A normal CT scan does not rule out an occult laceration/ruptured globe; therefore, if there is clinical suspicion, a high standard of care mandates surgical exploration.
• Corneal abrasion
• Corneal or conjunctival FB
• Ruptured globe/scleral laceration
• Conjunctival lacerations without scleral involvement can be treated with topical antibiotic ointments.
– Consider polysporin, bacitracin, or erythromycin ointment q.i.d.
• Partial thickness corneal lacerations can be treated with an ophthalmic ointment and fluoroquinolones drops.
• Full thickness corneal lacerations should be treated with a 7- to 10-day course of systemic antibiotics perioperatively:
– For example, moxifloxacin 400 mg per day or cefazolin 1 g IV per 8 h or vancomycin 1 g IV per 12 h (pediatric patients: cefazolin 25–50 mg/kg per day is divided into t.i.d. dosing and gentamicin 2 mg/kg IV per 8 h)
• Subconjunctival, intravitreal, or intracameral antibiotics can also be considered at the time of surgery.
– Subconjunctival: 0.05 mL of cefazolin (25–50 mg/mL) or vancomycin (25 mg/mL) and gentamicin (40 mg/mL)
– Intraocular: 0.1 m of ceftazidime (2 mg/0.1 mL) or amikacin (0.4 mg/0.1 mL) and vancomycin (1 mg/0.1 mL)
• Topical antibiotics can be initiated once the wound is closed (fluoroquinolones or fortified antibiotics).
• Antiemetics and pain medications should be given before and after surgical repair to prevent vomiting or straining that can raise intraocular pressure and prolapse intraocular contents.
• Cycloplegics can be added for inflammation and/or iris damage.
• Topical steroids should be used cautiously on a case-by-case basis.
• Conjunctival lacerations <1 cm and those in the fornix can often be observed without repair.
• Large lacerations can be closed using interrupted or running 8–0 Vicryl sutures and using caution not to incorporate folds of conjunctiva or Tenon’s capsule.
• Exploration is warranted if there is concern for an underlying scleral laceration or muscle involvement.
• Small self-sealing or slowly leaking lacerations may be treated with a combination of aqueous suppressants, cyanoacrylate tissue adhesive, a bandage soft contact lens and topical fluoroquinolones.

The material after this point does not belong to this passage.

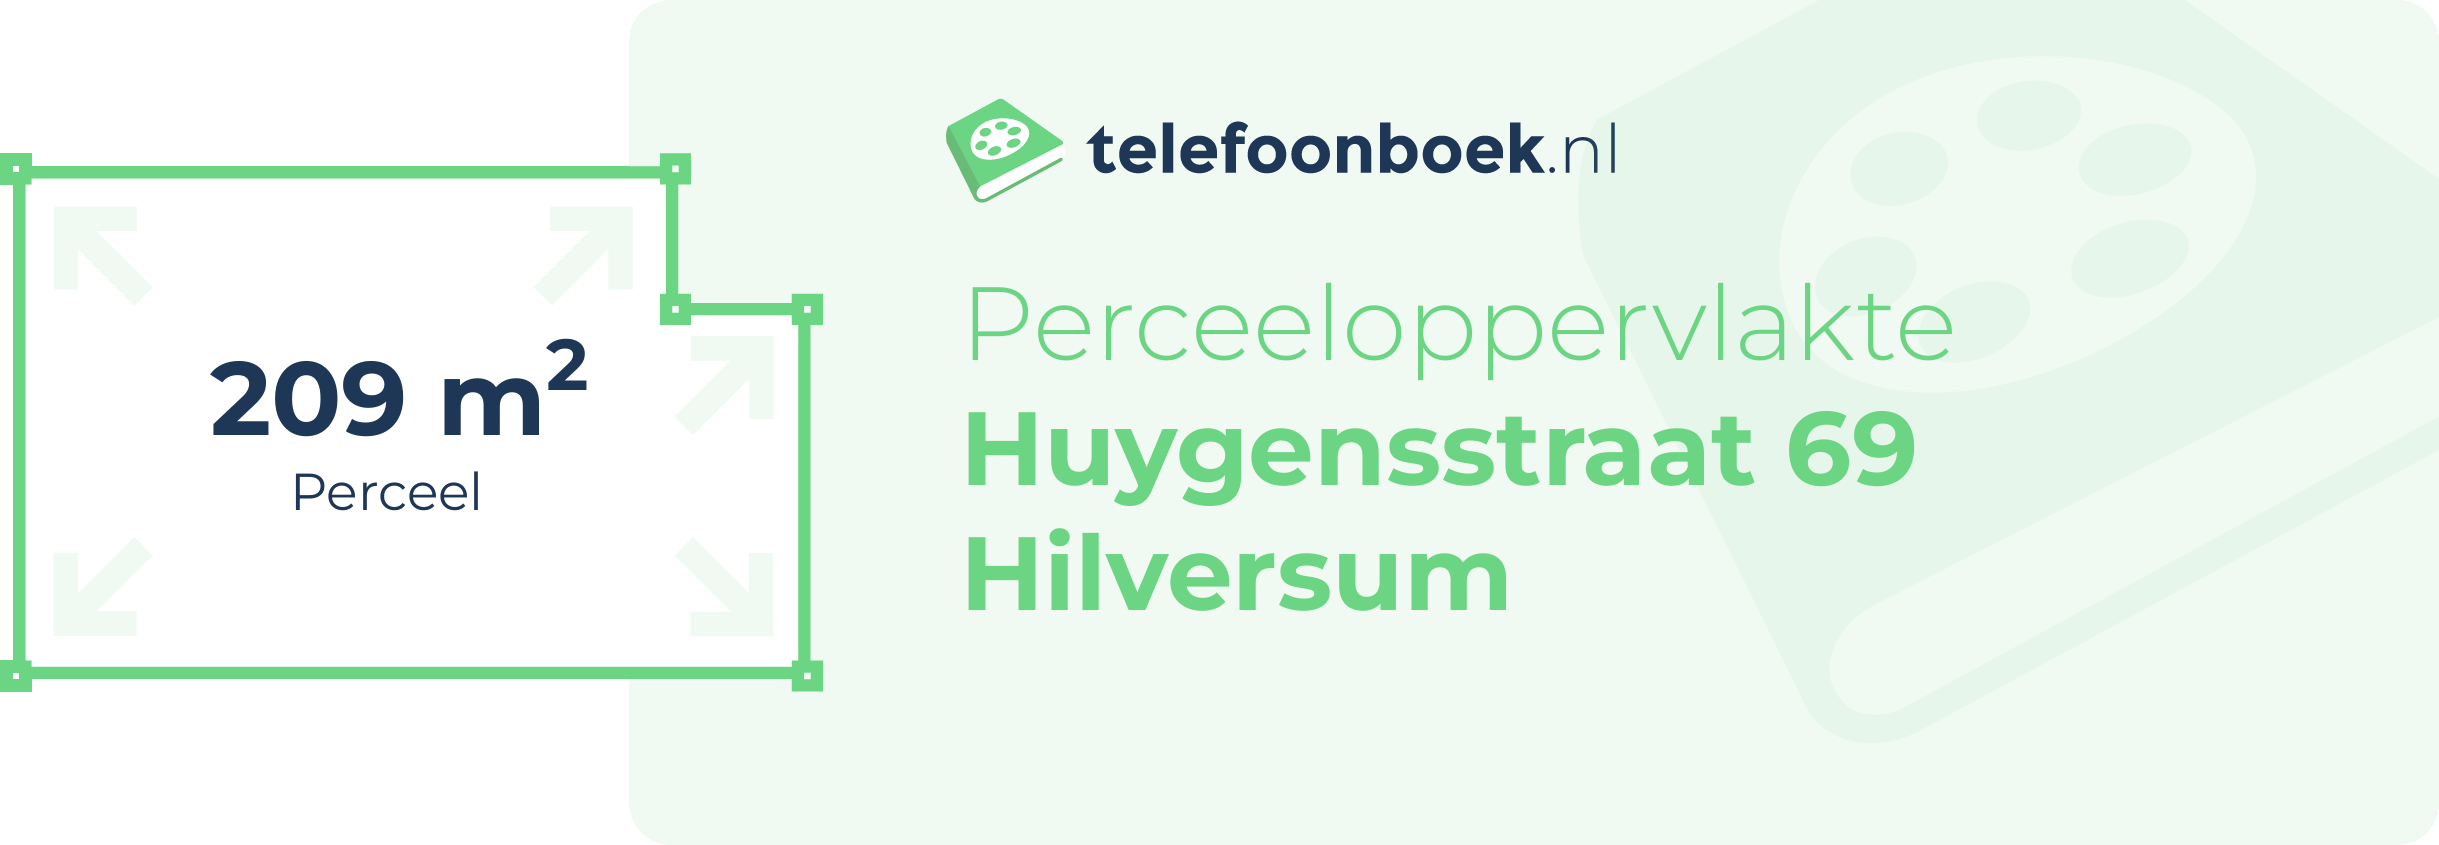 Perceeloppervlakte Huygensstraat 69 Hilversum

• Partial thickness corneal lacerations with associated wound gape should be surgically approximated to prevent excessive scarring and irregularity especially when in the visual axis.
• Large full thickness corneal lacerations require urgent repair in the OR.
• While waiting for repair, keep the eye covered with a firm shield to prevent eye rubbing.
• Administer a tetanus shot if appropriate.
• Nothing to eat or drink 6–8 h prior to surgical repair
Issues for Referral
Full thickness corneal lacerations need urgent repair by a qualified ophthalmologist.
• Full thickness corneal lacerations should be repaired in the operating room preferably under general anesthesia.
• A comprehensive informed consent should be signed prior to surgery.
The anesthesiologist should be made aware of the open globe status which may influence which medications they use for induction.